Its contents are: Clifford algebras, Dirac operators and Clifford analyticity, representations of Spin(V,Q), constant coefficient operators of Dirac type, Dirac operators and manifolds. Presents motivation for each section and extensive references.

Its contents are: Clifford algebras, Dirac operators and Clifford analyticity, representations of Spin(V,Q), constant coefficient operators of Dirac type, Dirac operators and manifolds. A must-reading to become a speciallist in this area.

Inverse scattering and Clifford analysis. Advances in Applied Clifford Algebras, Vol. 11, Issue. The aim of this book is to unite the seemingly disparate topics of Clifford algebras, analysis on manifolds and harmonic analysis

Inverse scattering and Clifford analysis. The aim of this book is to unite the seemingly disparate topics of Clifford algebras, analysis on manifolds and harmonic analysis. The authors show how algebra, geometry and differential equations all play a more fundamental role in Euclidean Fourier analysis than has been fully realized before.

Series: Cambridge Studies in Advanced Mathematics (Book 26). Paperback: 344 pages.

The aim of this book is to unite the seemingly disparate topics of Clifford algebras, analysis on manifolds, and harmonic analysis. The authors show how algebra, geometry, and differential equations play a more fundamental role in Euclidean Fourier analysis. Publisher: Cambridge University Press. Pages: 344, 346. ISBN 10: 0521346541. ISBN 13: 9780521346542. Series: Cambridge Studies in Advanced Mathematics.

Multidimensional Real Analysis II: Integration (Cambridge Studies in Advanced Mathematics) . Dirac Operators and Spectral Geometry (Cambridge Lecture Notes in Physics).
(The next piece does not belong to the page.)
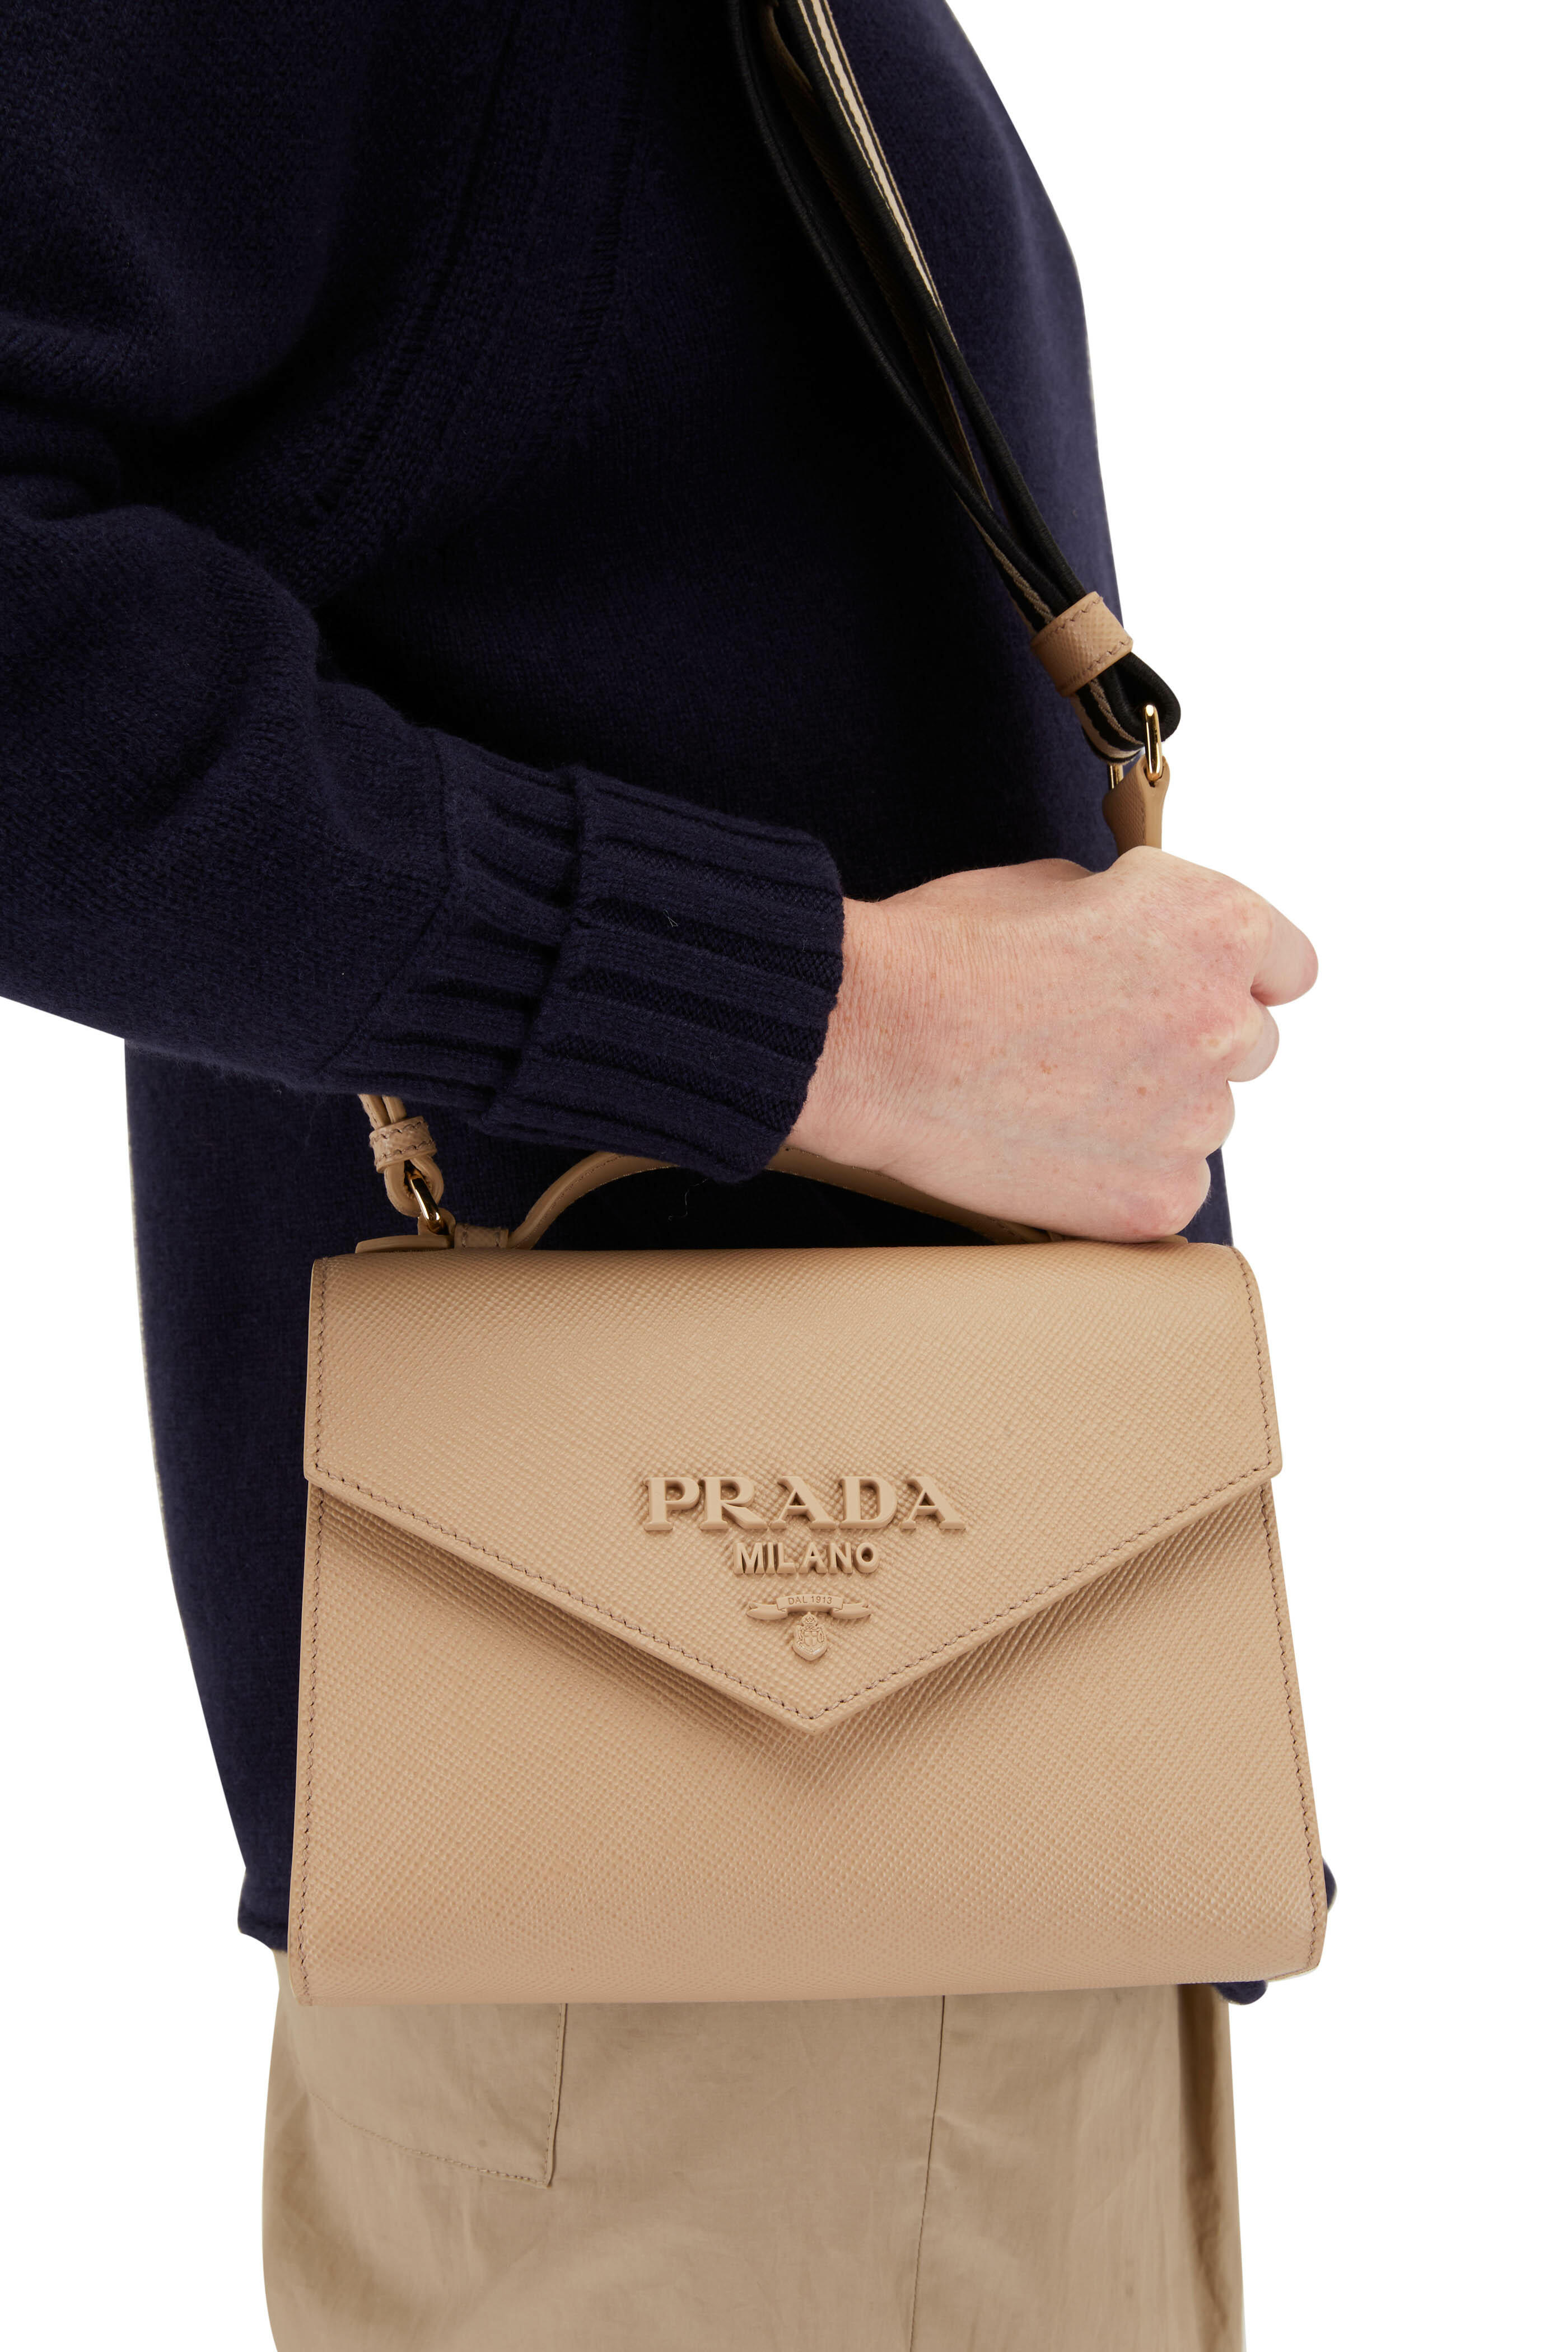 PRADA medium Saffiano Leather Monochrome Bag, Women's Fashion

Real Analysis and Probability (Cambridge Studies in Advanced Mathematics). Dirac Operators in Representation Theory.

Clifford analysis, using Clifford algebras named after William Kingdon Clifford, is the study of Dirac operators, and Dirac type operators in analysis and geometry, together with their applications. Examples of Dirac type operators include, but are not limited to, the Hodge–Dirac operator, on a Riemannian manifold, the Dirac operator in euclidean space and its inverse on.
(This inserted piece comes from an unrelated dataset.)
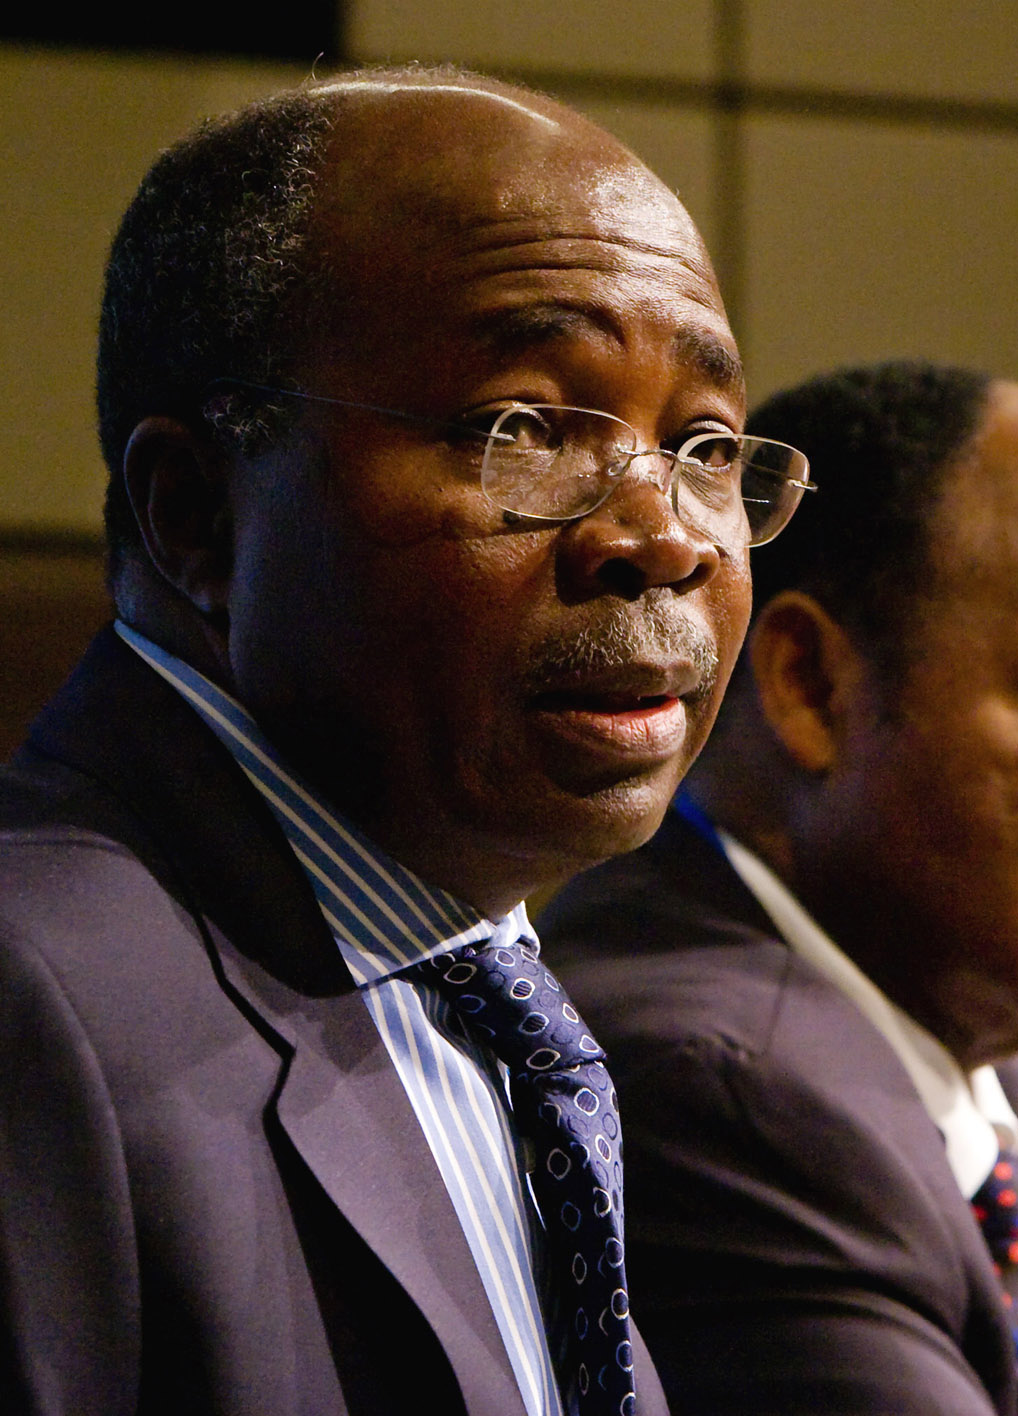 Zambian finance minister says talks with IMF 'very progressive'

Gilbert and M. A. M. Murray, Clifford Algebras and Dirac Operators in Harmonic Analysis, Cambridge Studies in Advanced Mathematics, 1991. K. Gürlebeck and W. Sprößig, Quaternionic Analysis and Elliptic Boundary Value Problems, Birkhäuser Verlag, Basel, 1990. zbMATHGoogle Scholar. McIntosh, D. Mitrea, and M. Mitrea, Rellich type estimates for one-sided monogenic functions in Lipschitz domains and applications, Analytical and Numerical Methods in Quaternionic and Clifford Algebras, K. Spróssig ed. 1996, pp. 135–143.
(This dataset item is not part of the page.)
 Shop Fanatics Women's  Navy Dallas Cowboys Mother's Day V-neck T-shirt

Start by marking Clifford Algebras and Dirac Operators in Harmonic . Books by John E. Gilbert.

Start by marking Clifford Algebras and Dirac Operators in Harmonic Analysis (Cambridge Studies in Advanced Mathematics) as Want to Read: Want to Read savin. ant to Read.

Gilbert G E, Murray M A M. Clifford algebra and Dirac operators in harmonic analysis . June 2013 · Advances in Applied Clifford Algebras. Clifford algebra and Dirac operators in harmonic analysis//Cambridge studies in advanced mathematics 26. Cambridge: Cambridge University Press, 1991. A harmonic conjugate of the Poisson kernel and a boundary value problem for monogenic functions in the unit ball of R n (n≥2).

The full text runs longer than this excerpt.